The demand to “Defund the Police” is organic and legitimate. It has risen to a national discussion and we must be super clear on what this means to local communities before the racist power structure decides for us. If we are to have meaningful, lasting reforms, the Black Lives Matter movement must lay specific proposals in front of their local and state houses now. We need disciplined and strategic organization to ensure change is in place.

The common denominator in the meaning of defunding the police is that there will be no more increases in police budgets, and that funds diverted from the sacred, bloated budgets will be invested in meeting human needs. The divested dollars would be pumped into community mental health services, housing programs, youth recreation, training and employment, childcare, parks, and education.

Several corporations like Nike, Target and the NFL gave their employees Juneteenth off as a paid holiday. We should see this as a payoff when most of them have less than stellar practices related to the hiring, retention and supporting of Black employees. It wasn’t that long ago that Roger Goodell and the NFL smacked down the righteous concerns of quarterback Colin Kaepernick regarding police violence against Black men and booted him out of the game (forever?). A sorry from Goodell’s sorry ass is empty until he makes substantive changes in his own racist organization.
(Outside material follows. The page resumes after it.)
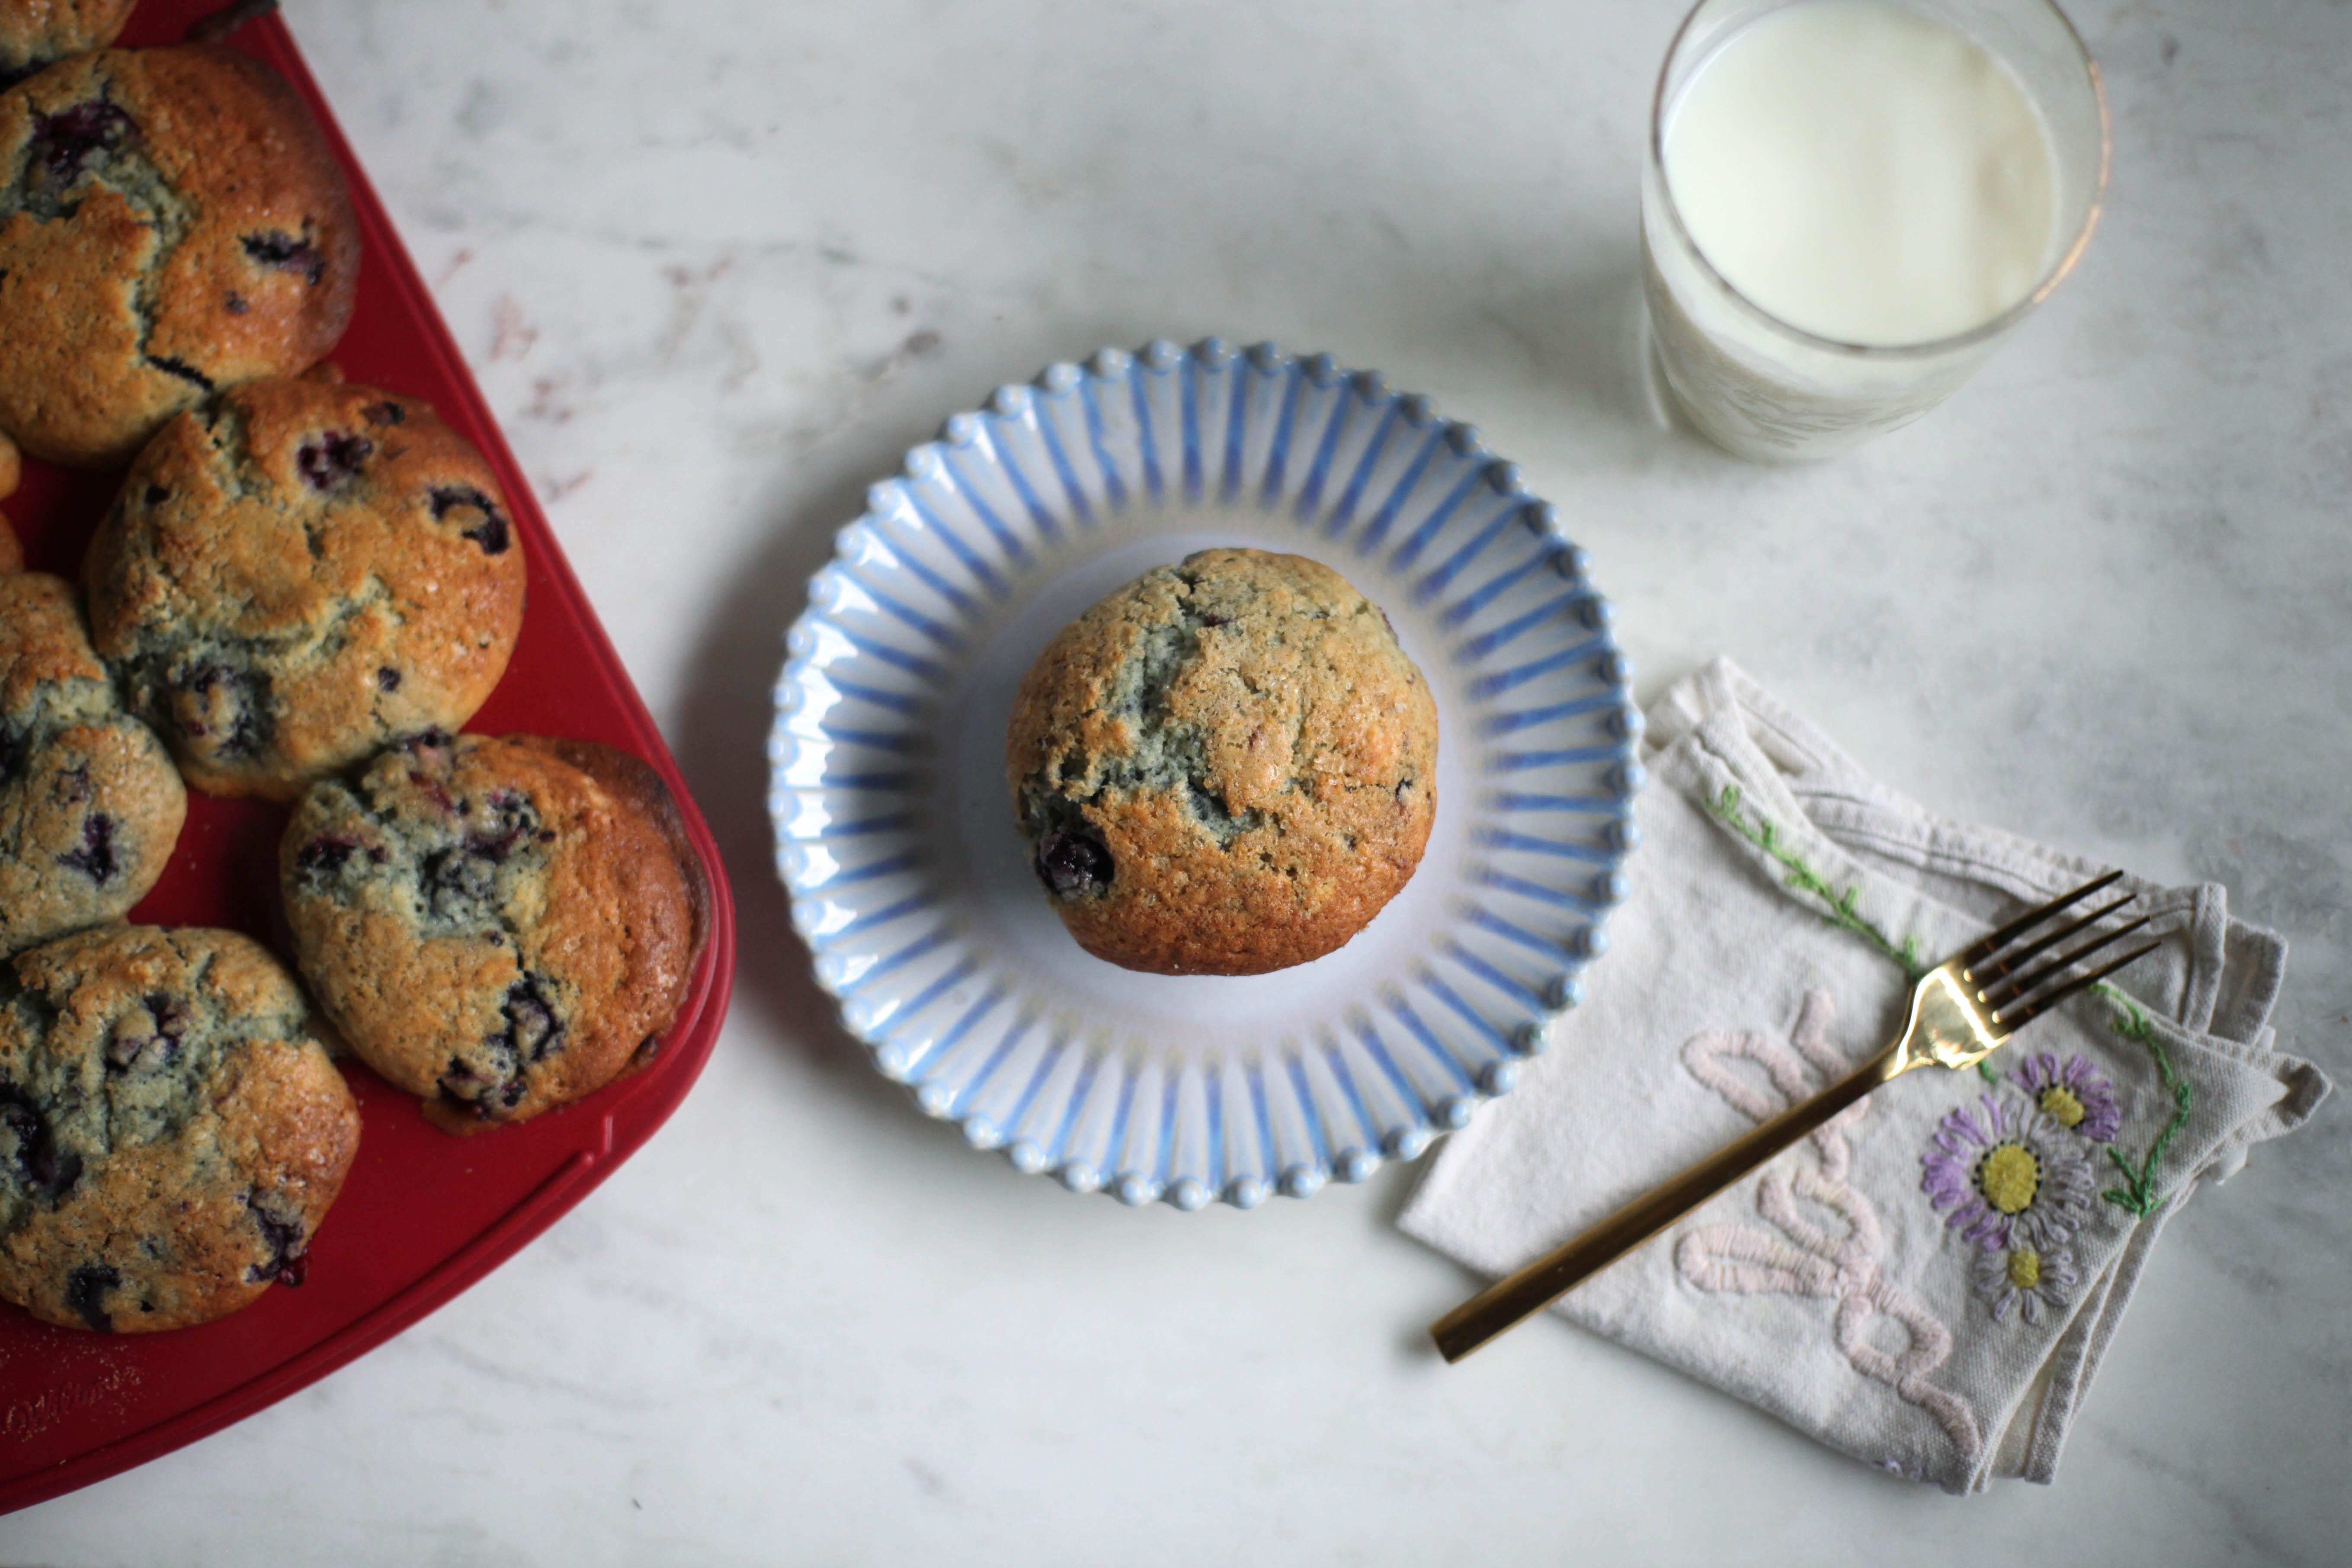 Mixed Berry Muffins - Tastemaker Blog

Let’s not get the strategy twisted or let it get derailed. Confederate statutes or Aunt Jemina on the pancake box are symbols of white supremacy. Dealing with those symbolic reminders of oppression are important but they don’t change the real power dynamics in this country. If they changed Jemina’s name to Zuri and put her in African attire, police terrorism of Black communities would not stop. If Juneteenth was made a national holiday tomorrow, we would still have a huge racial income gap in this country.

There are many well-intentioned people who’ve flooded the streets of cities across the nation. They are showing up in support of Black lives but may not know where and how to turn their expressions of outrage into policies and legislation that will hold lawless institutions accountable. Some windows are closing on the opportunities to actualize demands not to mention the stalling tactics being used by local and state officials. Their plan is to just outwait the angry folks and it’ll be business as usual.

The demand from the streets to defund police departments has resounded across the country because we collectively came to the same realization. The budgets of police continue to balloon while social services and programs get cut. Defund the police means different things to different people, and the meaning falls along a wide spectrum from getting so-called School Resource Officers out of schools to ending hyper-surveillance programs.

Defunding the police will look different in each city and town. It will be based upon the local demands, the political landscape, and the organizing capacity of the community to follow through. This country gets selective amnesia when it comes to racism. That’s why there’s a memory gap on promises made six years ago when Michael Brown was murdered by a Ferguson cop. We must be vigilant and unapologetic.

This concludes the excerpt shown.